I just posted about my ex and her friends in another thread but I'll repost some of it here.

Excerpt
I guess not having any long term real friends is part of BPD, I believe for the most part my ex BPD SO cannot be friends with someone they don't see regularly face to face and that many of the people that have been friends with her in the past at some point saw the Real person she tried desperately to hide.

This is exactly how my ex was.  We met when she was still in college and she had a small group of college friends that she was close with.  After college, most of her interactions with them involved her calling them up when she wanted to complain about me.  Eventually they started asking me how I put up with her, including her best friend.  They stopped inviting her out as much, and when they did invite her out, she would complain to me about the choices that they made as far as where to eat, what to do, etc.  She felt very high and mighty compared to them.

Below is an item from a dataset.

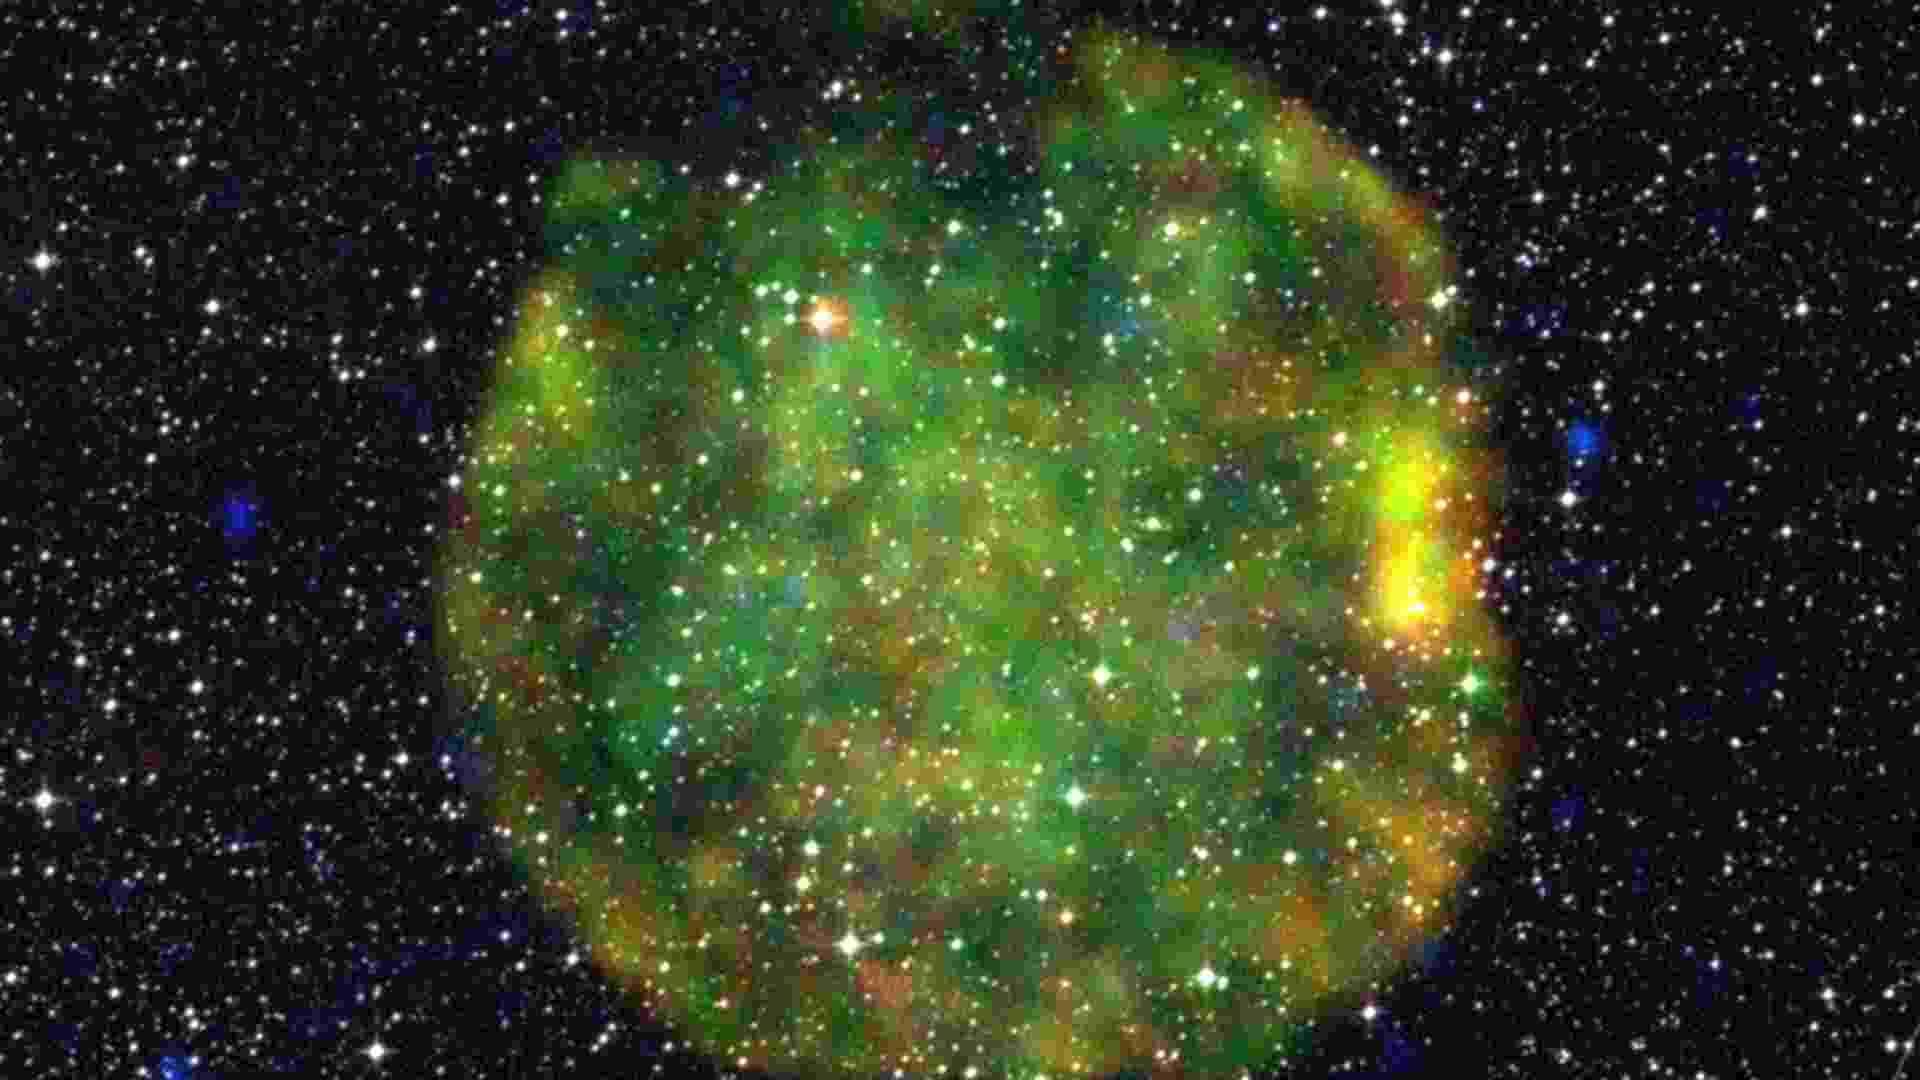 14.ago.2012 - O laboratório XMM-Newton da agência espacial europeia (ESA) registrou, com  ondas de raios X, a formação de uma supernova logo após a explosão de uma grande estrela. Os gases quentes que formam um rastro verde no espaço indicam que a G272.2-03.2 ainda está em expansão ? devido à idade da estrela, o processo pode demorar centenas de milhares de anos para desacelerar e esfriar - Marco Iacobelli/ESA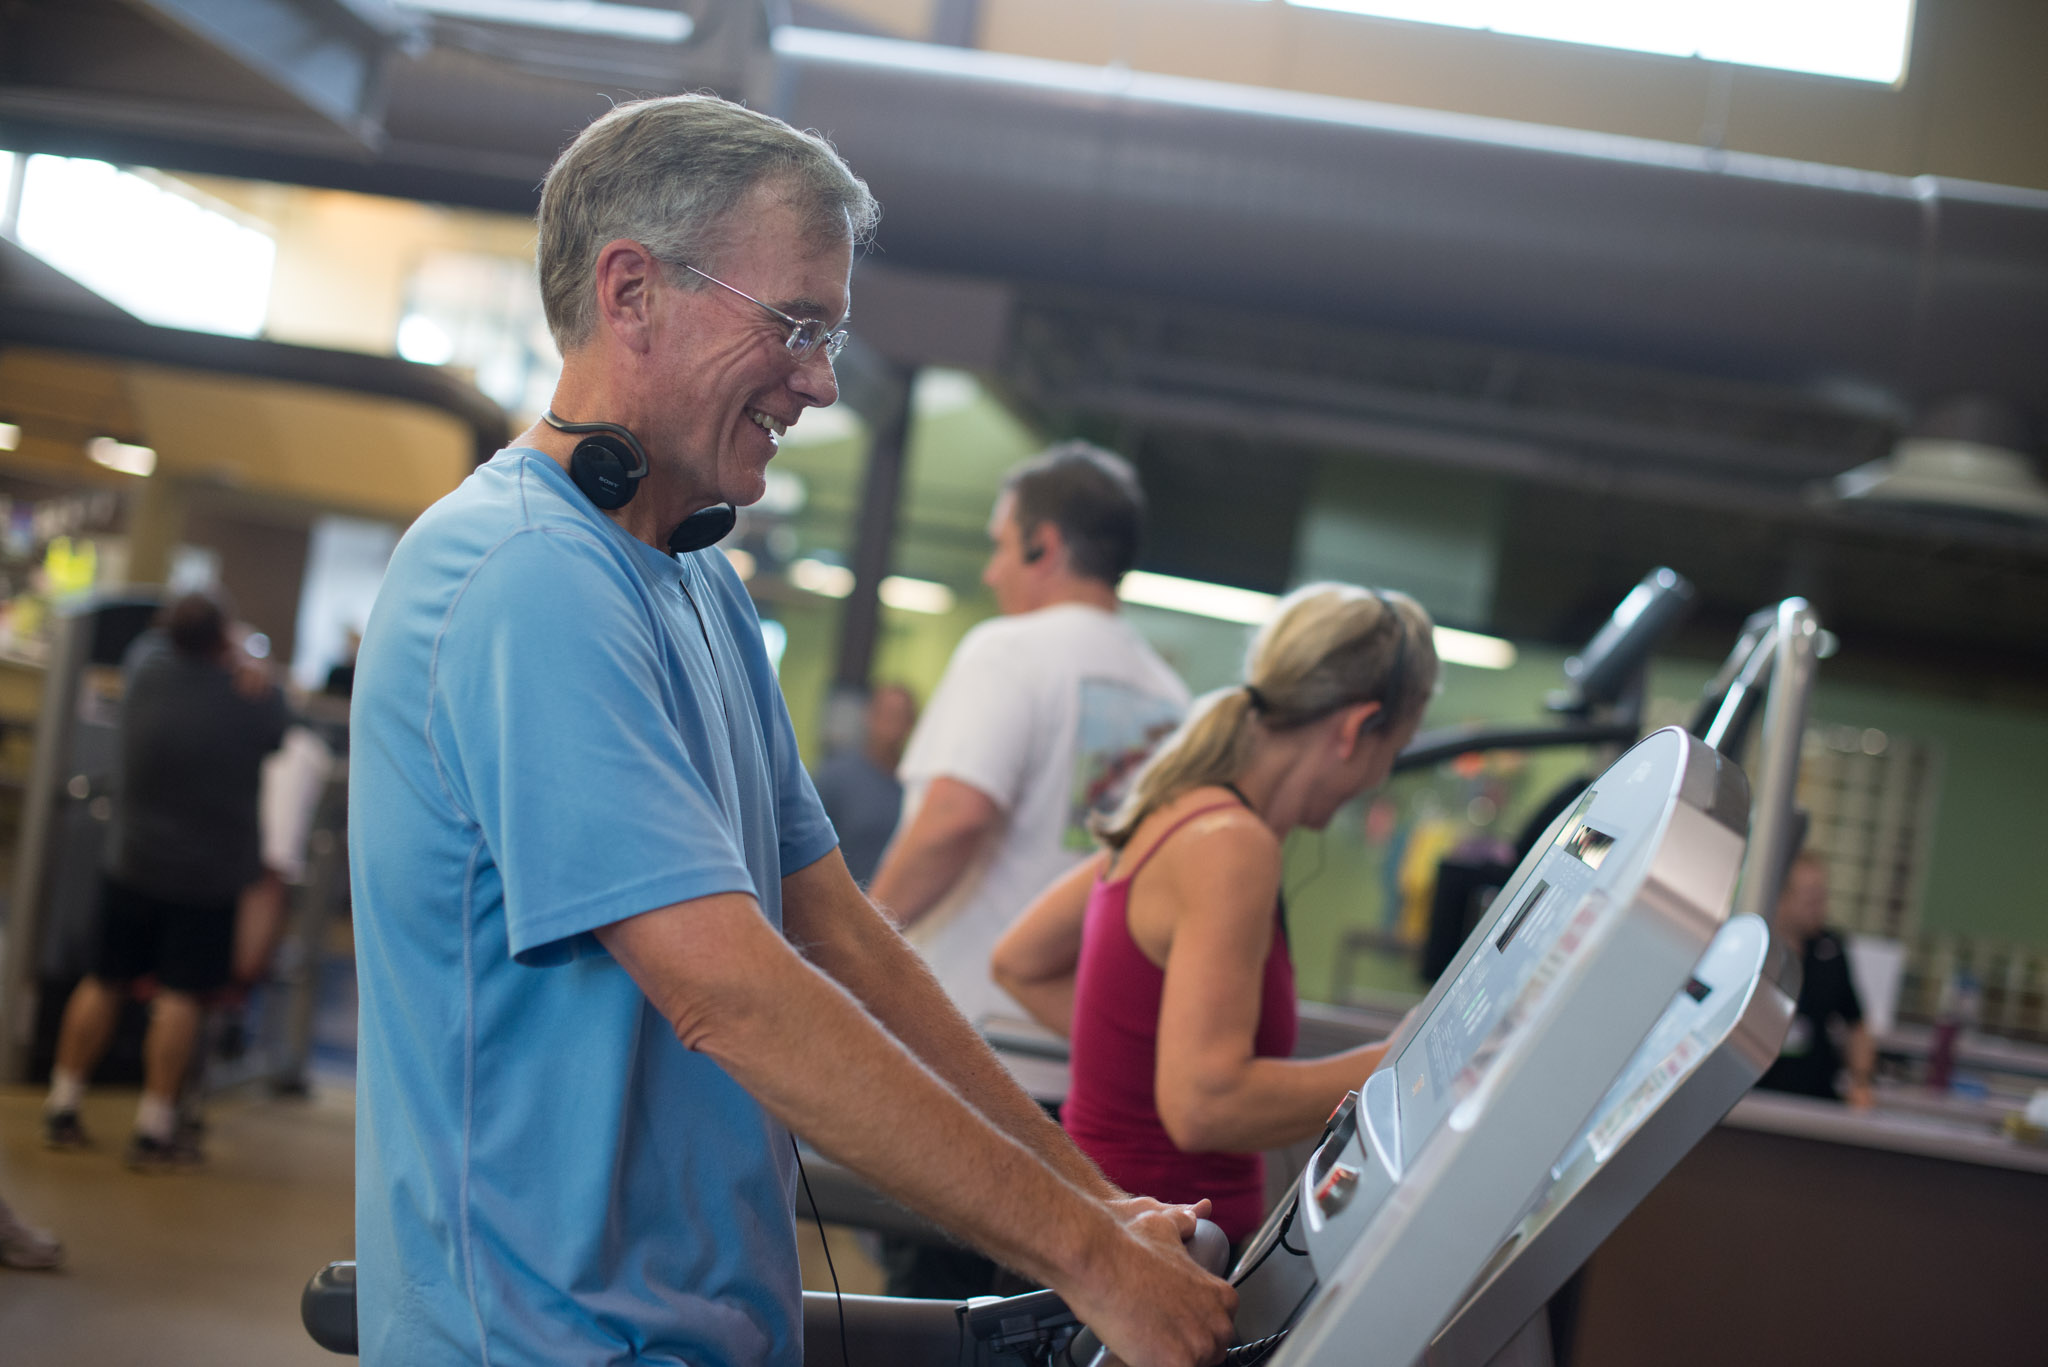 Wellness Center Stock Photos-1250.jpg

Next we'll move onto her co-workers.  She would see them every day so to her, they were great friends.  They were also all older than her, typically by at least 10 years.  I'm not sure what they thought about her but they rarely hung out outside of work, and any time she changed employers, she would more or less lose contact with them.

Lastly, there are the people that she would meet in her social groups.  She joined a lot of social groups because she couldn't stand having any free time that wasn't being taken up by some activity.  She would meet a lot of different people at these social groups, but for the most part, she would barely communicate with them outside of the social group.  Even people that she thought she got along great with would eventually be forgotten and never heard from again except for when they saw each other at the social groups.  The one exception to this was the guy she "fell in love with" and immediately broke up with me for after one event.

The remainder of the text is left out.